Dear Grandpa Warren,
I'm sorry that our relationship was what it was, and that I didn't have a better relationship with you while you were still living. The fact that you didn't know my name although I'd visit you every Christmas still seems strange to me, but it was what it was. I was genuinely saddened to hear of your passing. I surprised myself with how much I cried when I found out the sad news, and then again at your funeral. Even though we were not close at all, I still felt like we had some sort of connection. You were my birthday buddy. We share the same birthday. I remember finding it to be so odd and unique to share the same birthday as someone else so closely related to me, while still being so very distant from me. It was baffling to me. I remember one year on our birthday when I was young, you called my dad while I was sitting at the dining room table eating breakfast. Apparently you called to make a joke or reference to it being your birthday. My dad cursed you out because it was my birthday also, and I think he felt frustrated with the fact that you had no interest or idea of this. It was quite awkward. My dad openly told me when I was older that he slightly resented me because of the birthday that you and I share. He told me that I was like you and, of course he was saying that as a negative thing. I was somewhat cursed from the beginning of my life in the eyes of my father because of this. He loves me and I think at times, he even likes me, but there is still definitely a stigma there because of our birthday. Aside from that, my dad would never necessarily bad-mouth you per say, but it was undeniable that he had "daddy issues." I can't deny that it was always somewhat awkward for me to visit you every year. My dad understood this and asked us this recent Christmas (2012) if we wanted to visit you in the nursing home or not. To his surprise, and slight inconvenience, I said that I wanted to see you. He planned on seeing you by himself while leaving, me, my mom, and my sister at my grandmother's house. He asked me why I wanted to see you and I simply replied that it may be your last Christmas. That was all that had to be said. I wish that I had been wrong...

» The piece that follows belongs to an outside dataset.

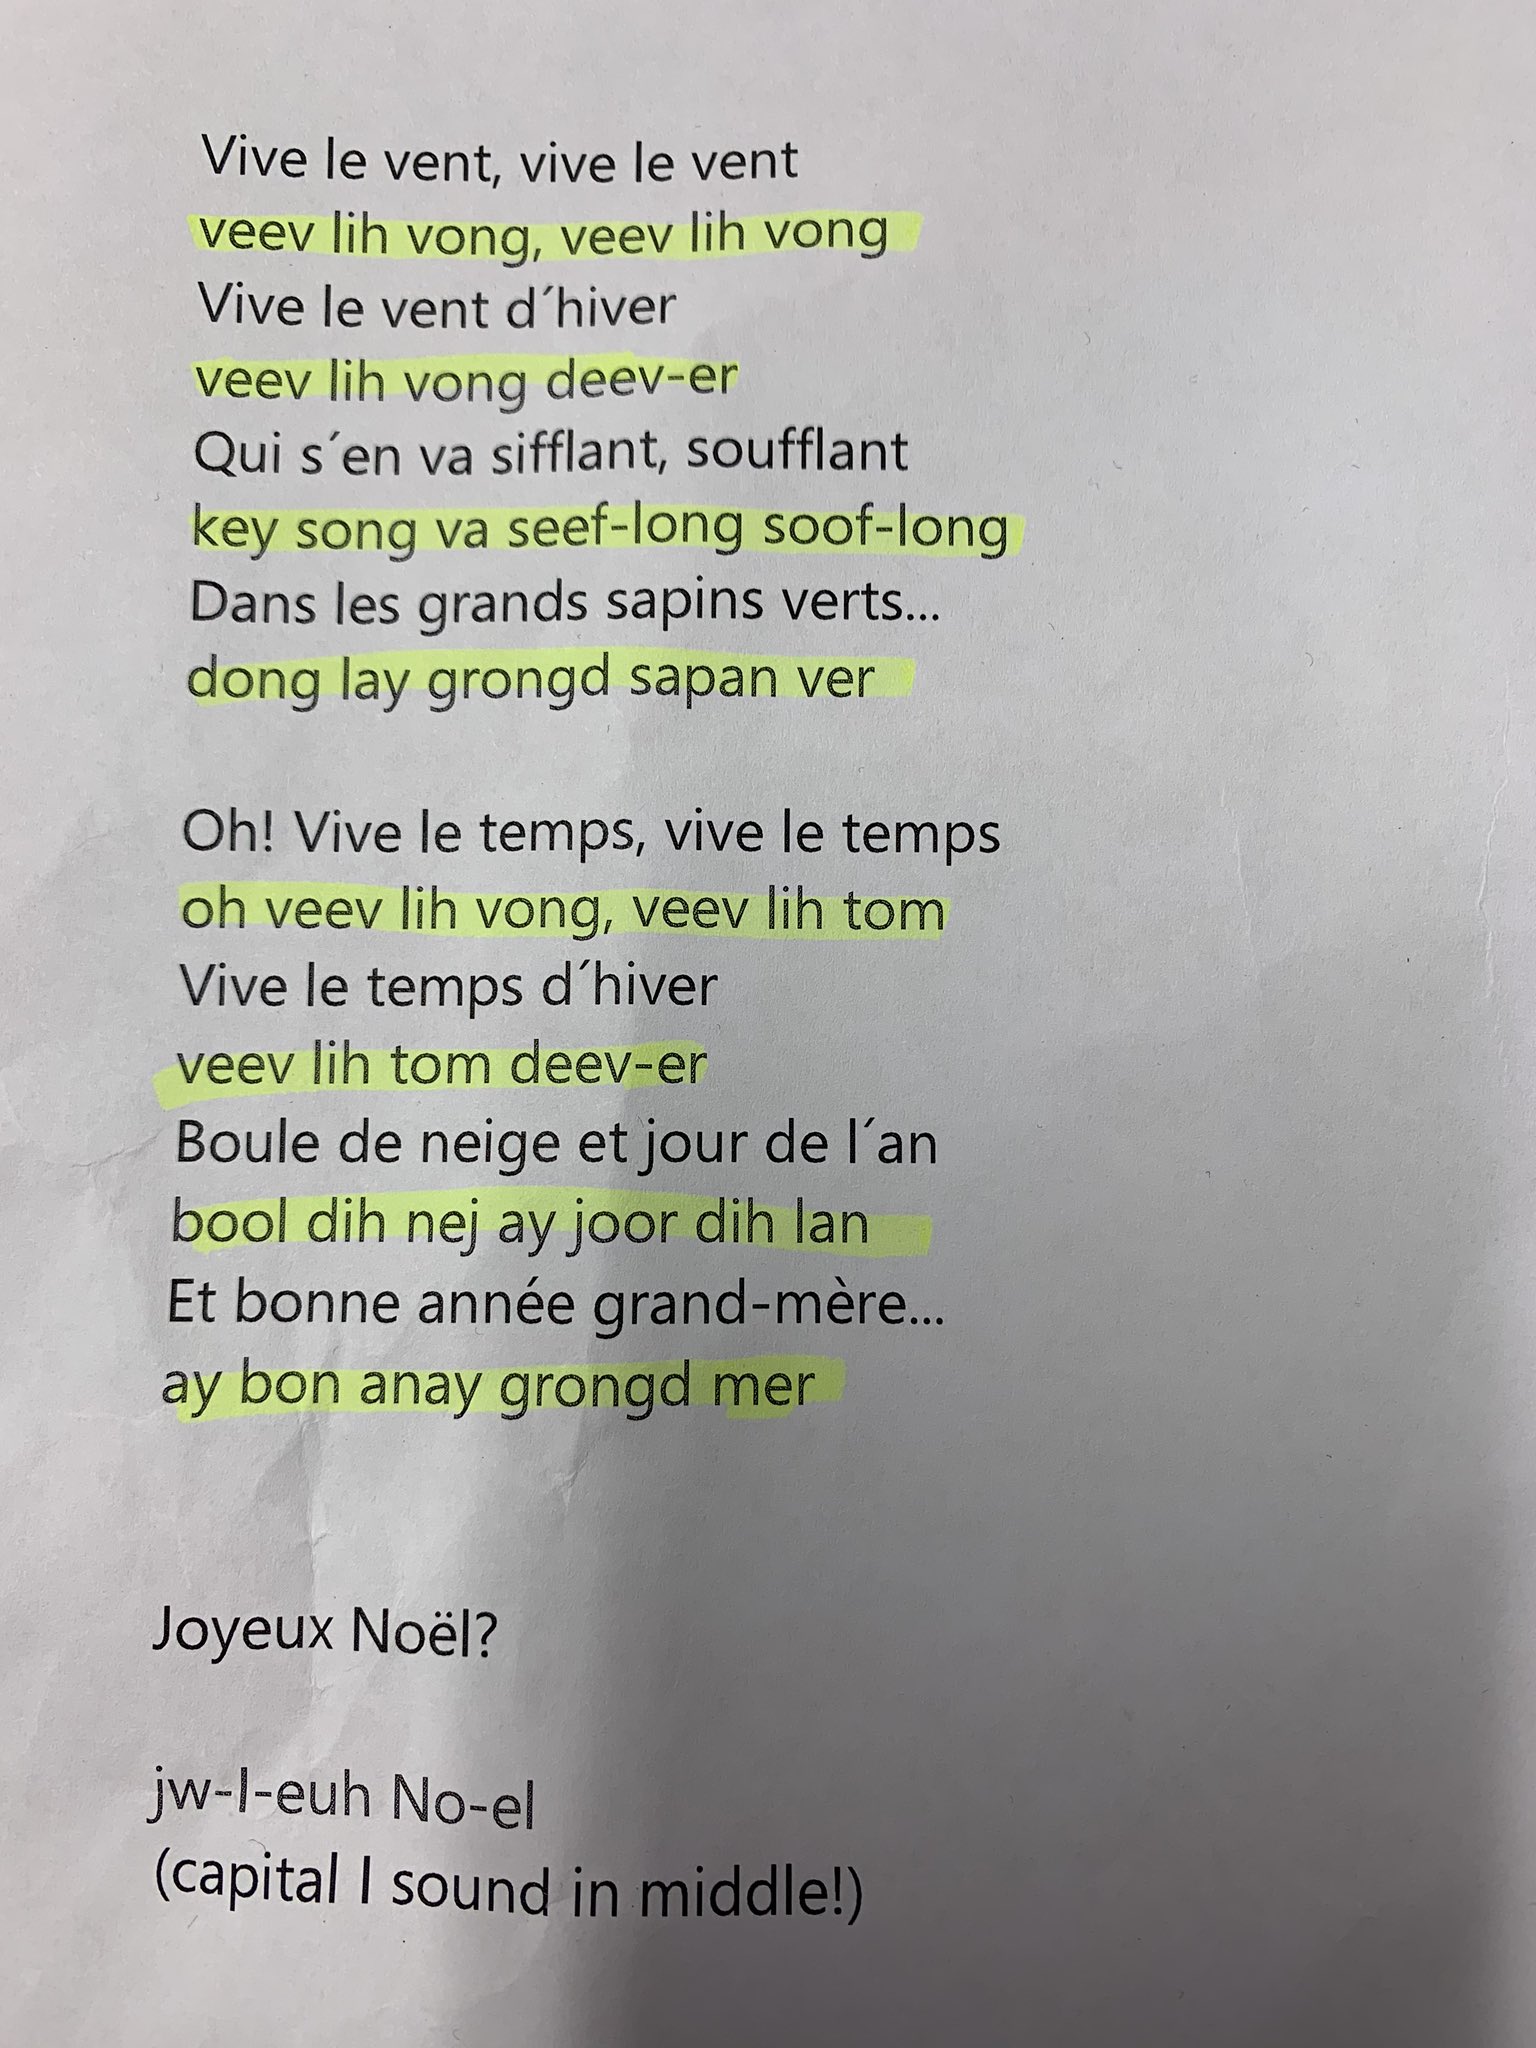 jingle bells in french vive le vent lyrics
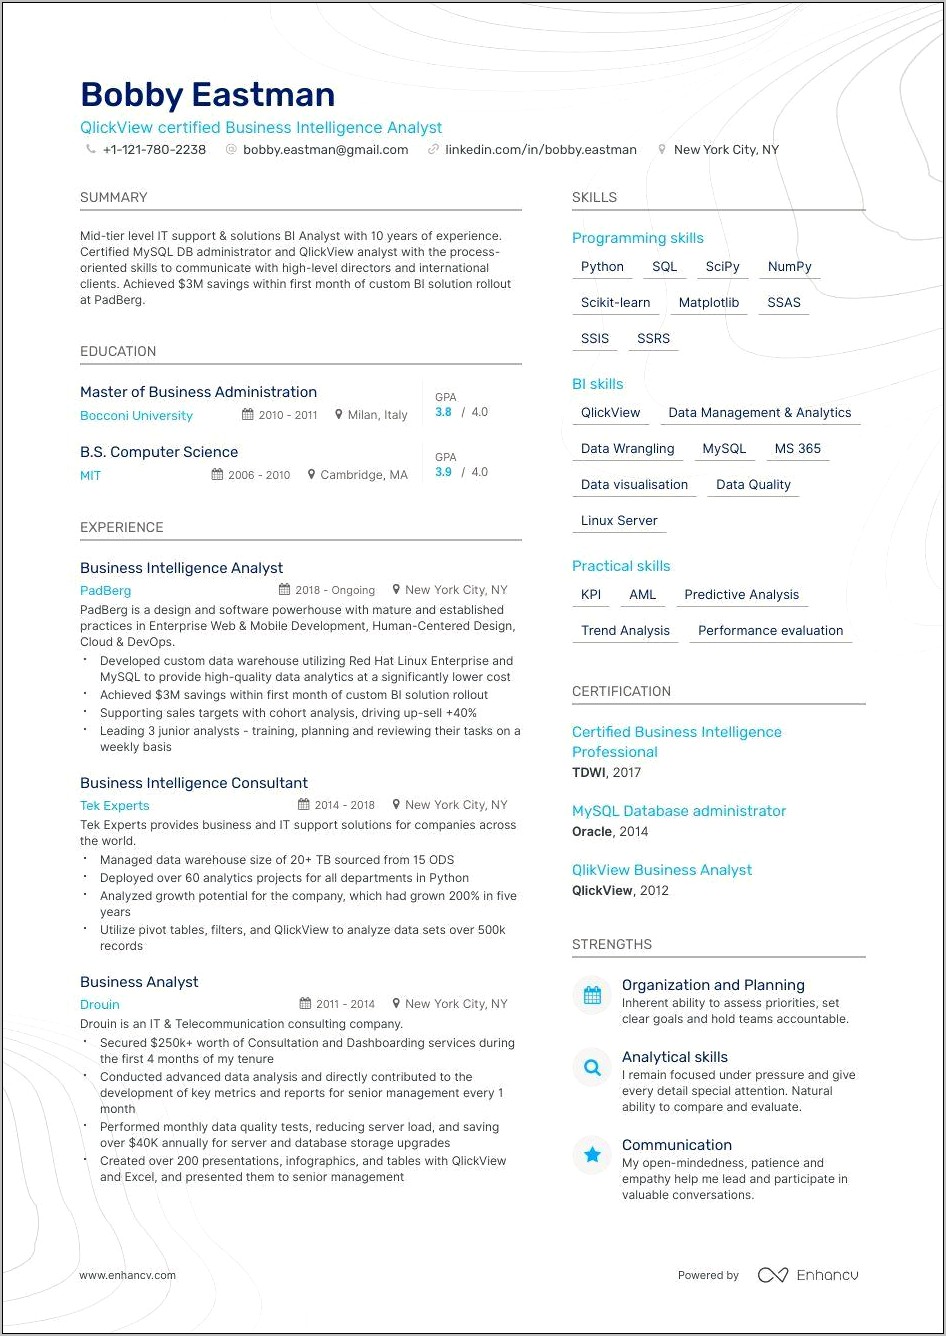 Business Intelligence Manager Sample Resume

As I stood there in your room at the nursing home, I looked at you. You didn't seem your usual self. You could barely move and were lying in the bed. Your face was very thin and your arms lacked muscle tone and had a lot of loose skin. Your cough sounded terrible and your speech was very slurred. I didn't like seeing you like that. As I stood there, I realized that rather than think of you as someone estranged and negative, I decided while standing there that I wanted to change my outlook on you and our relationship. I thought to myself that you can't be that bad because we have the same birthday, and I don't think of myself as a bad person, so therefore you can't be that bad either. I also decided that I would choose to think of you as my grandmother must have thought of you a long time ago when you two were in love before things became sour between you both. I said to myself that at one time, she chose you to be her husband and father of her children, so you couldn't have been that bad. That's how I decided to view you. I had no idea that three days later you would take your last breath.
I pray that you found peace with your life in your final days on earth. I also pray that God finds mercy on your soul and that you made it to heaven. After your funeral, my dad finally told me some stories about you that I had never heard before. He told me that you were a "company man" who was a hard worker for the railroad and was very loyal to your company. The story that he told me about you proved that you were a man of integrity and a man of your word. To most people hearing that their grandfather had been in jail at one point in life, is upsetting news. However, once my dad told me this and told me the story behind the cause of your imprisonment, it actually made me like and respect you more. You did what you felt you had to do to protect you and your wife at the time and I can't be mad at that. It made me proud of you to know that like myself, you were a hard worker and a dedicated employee. It also made me proud to know that like myself, you were an honest man who treated your word with value. It made me like you when I learned that you gave warnings, like I do, when someone is antagonizing you before flying off the handle. It made me feel closer to you to hear these stories. It made me feel sad to know that now that I know these things about you, it's too late for me respond to you differently during our annual visits. Being told by my father that you and I were similar and both selfish people was always used as an insult towards me, but now, I kind of feel like I know the good ways that we were similar and I don't feel so insulted anymore. I know that you made mistakes, as all people do, and I can't judge you for that. Through subtle ways, I was told that you treated my grandmother poorly which of course is hard for me to dismiss because Grandma Ruth was one of my most favorite people in life, but now I know that you weren't all bad. And that me and my birthday buddy did share some good qualities too. We're not all that bad, huh Grandpa Warren. Thank you for the college graduation gift, by the way. That created quite a stir in the family at the time... I don't know what you thought of me. We both really didn't know each other well enough to really have opinions of one another. But just so you know, I appreciate you for what you were, which was the father of my father, and I do respect you. Rest in peace Grandpa Warren. Maybe I'll see you again one day, and we'll make our relationship right at that time.
Warren Foster March 10, 1924 - December 28, 2012.